Fogo no porto ou aurora no céu? A confusão épica do Imperador Romano Cláudio II
Desde tempos imemoriais, a humanidade tem sido envolvida por uma necessidade de compreender e explicar os fenômenos que observa ao seu redor. Esse impulso para desvendar os mistérios do universo deu origem a muitas lendas e mitos que buscam explicar os mais variados eventos.
A aurora boreal, com suas cortinas de luzes dançantes, tem fascinado e intrigado as culturas ao redor do mundo há séculos. Em suas tentativas de entender o fenômeno, muitas civilizações antigas criaram suas verdades para explicar a origem e o significado dessa luz mágica.

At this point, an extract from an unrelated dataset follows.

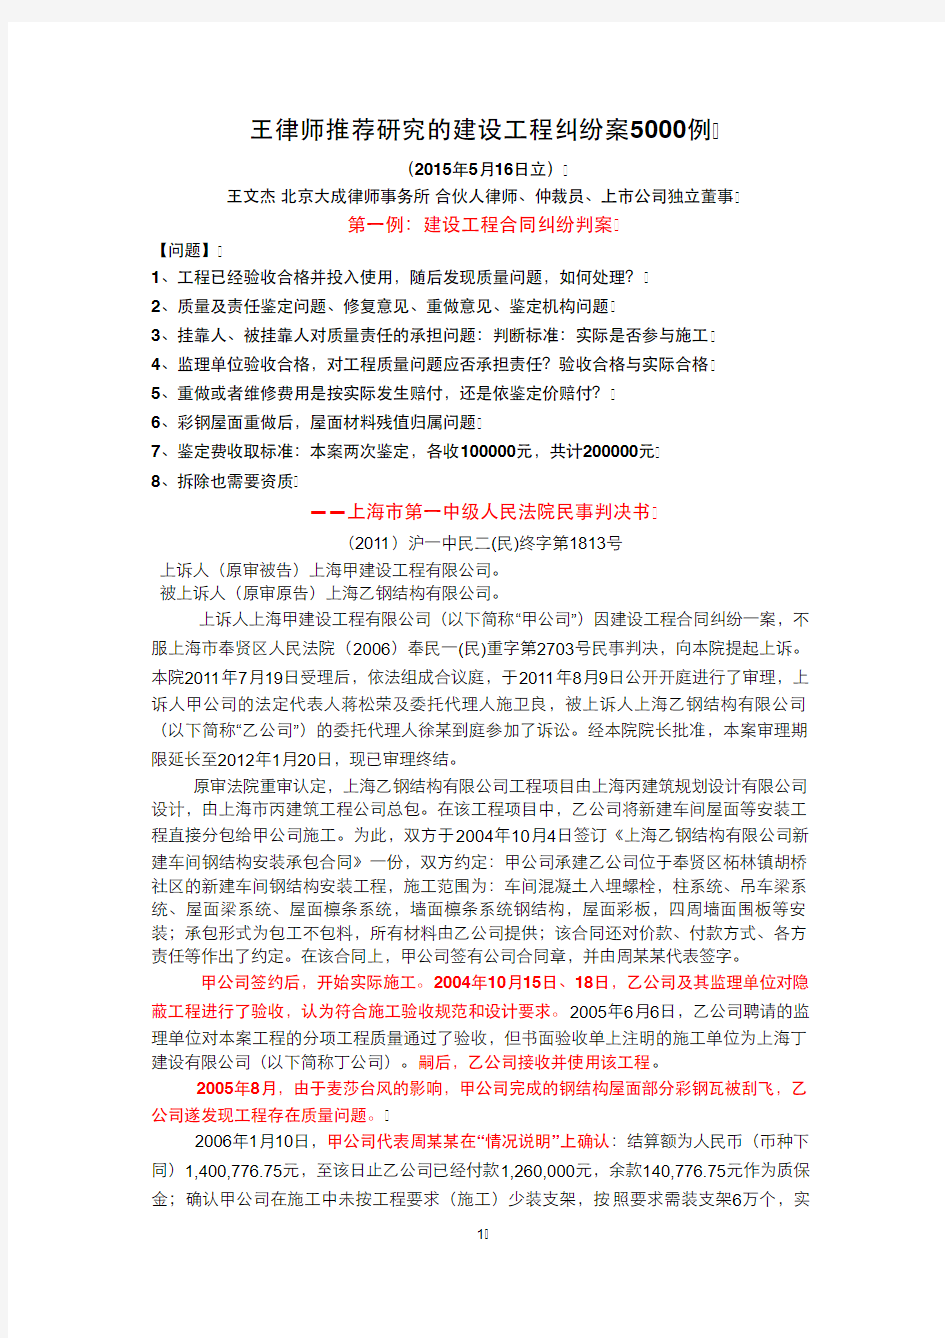 王文杰律师推荐研究的建设工程纠纷案5000例

Marco Brotto, brasileiro caçador de auroras boreais que lidera expedições em grupo em busca do fenômeno, conta que no seu primeiro contato com as Luzes do Nortes as chamou de Monstro Verde. “Segundos depois, foi só contemplação e paixão”, relata.

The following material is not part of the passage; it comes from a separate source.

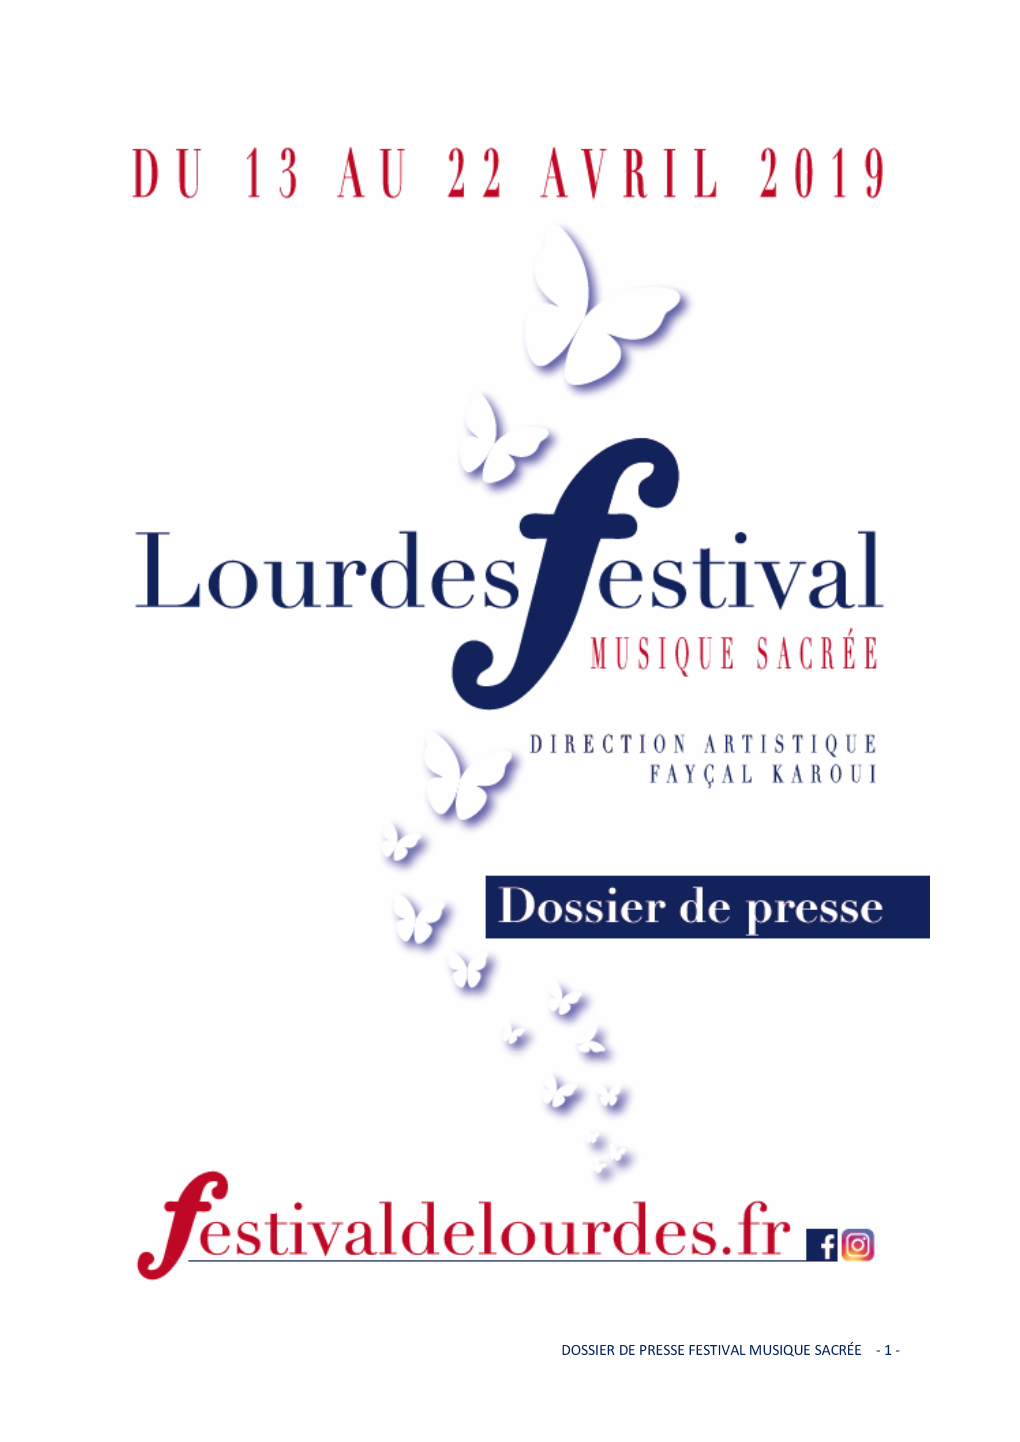 Festival Musique Sacree Lourdes-Dp 2019

Para ele, as narrativas lendárias não apenas refletem a busca humana pela compreensão do desconhecido, mas também revelam a profunda conexão entre as sociedades antigas e o mundo natural ao seu redor. “Através dessas lendas, as pessoas encontravam significado e conforto em face da vastidão e imprevisibilidade do cosmos”, explica.
A primeira lenda que Brotto compartilha envolve o imperador romano Cláudio II, também conhecido como Cláudio Gótico – 268 a 270 d.C – que ordenou uma tropa para se preparar para defender o porto da cidade de Ostia contra um ataque inimigo.
“Ele acreditava que o porto estava sendo atacado por fogo ou por uma frota inimiga”, diz. No entanto, após investigações mais detalhadas, foi descoberto que o que Cláudio e os soldados estavam vendo não era um incêndio nem uma frota inimiga, mas sim a aurora boreal. Essa confusão causada pela aurora boreal foi registrada pelo historiador romano Aurelius Victor em sua obra “De Caesaribus”.
Para os gregos, as luzes do norte eram a Deusa Eos, filha dos titãs Hipérion e Téa, irmã de Selene (Lua) e Hélios (Sol). “Acreditava-se que Eos personificava a aurora e o amanhecer, retratada como uma mulher com longos cabelos loiros e unhas tingidas de rosa, simbolizando o despontar das primeiras luzes do dia”, explica.
Ela conduzia uma carruagem puxada por cavalos alados, um espetáculo celestial que anunciava a chegada de um novo dia. Essa visão mitológica influenciou a compreensão do renascimento diário da natureza.
“Na Bíblia, há várias passagens que fazem menção ao céu pegando fogo. Essas referências geralmente são encontradas em contextos apocalípticos ou de julgamento divino”, relata.
Uma das passagens mais conhecidas é encontrada no Novo Testamento, no livro de Apocalipse, capítulo 20, versículo 9, que descreve o julgamento final: “Então, desceu o fogo do céu e devorou-os.”
Na China, onde as observações da aurora boreal são raras, lendas antigas as vinculavam a batalhas celestiais entre dragões do bem e do mal. “A crença popular sugeria que as luzes eram, na verdade, os dragões cuspidores de fogo, travando uma luta cósmica nos céus”, conta Brotto.
Recentemente um estudo publicado na revista Advances in Space Research, lançou luz sobre uma possível descoberta: o primeiro relato de uma aurora boreal em um texto chinês antigo.
“A pesquisa, que examinou os “Anais de Bambu”, um registro histórico chinês datado do século IV a.C., revela uma menção à observação de uma “luz de cinco cores” no céu, três séculos antes do que se acreditava ser o registro mais antigo”, explica o caçador de aurora boreal.
Brotto conta que algumas tribos americanas acreditavam que eram espíritos jogando bola com caveiras de morsa. “Cada comunidade encontrava uma narrativa única para explicar o espetáculo luminoso”, fala.
“As famosas serpentes emplumadas dos maias para mim também são as auroras boreais. Estive na Cidade do México no museu de antropologia, as descrições e desenhos da serpente são auroras boreais” afirma Marco.
Apesar dos avanços científicos modernos que permitem entender melhor fenômenos naturais como a aurora boreal, a vontade da humanidade em explicar as coisas persiste. “Essas lendas nos inspiraram a explorar e a compreender o universo em que vivemos, reafirmando a nossa curiosidade inata e o nosso eterno fascínio pelo desconhecido”, finaliza.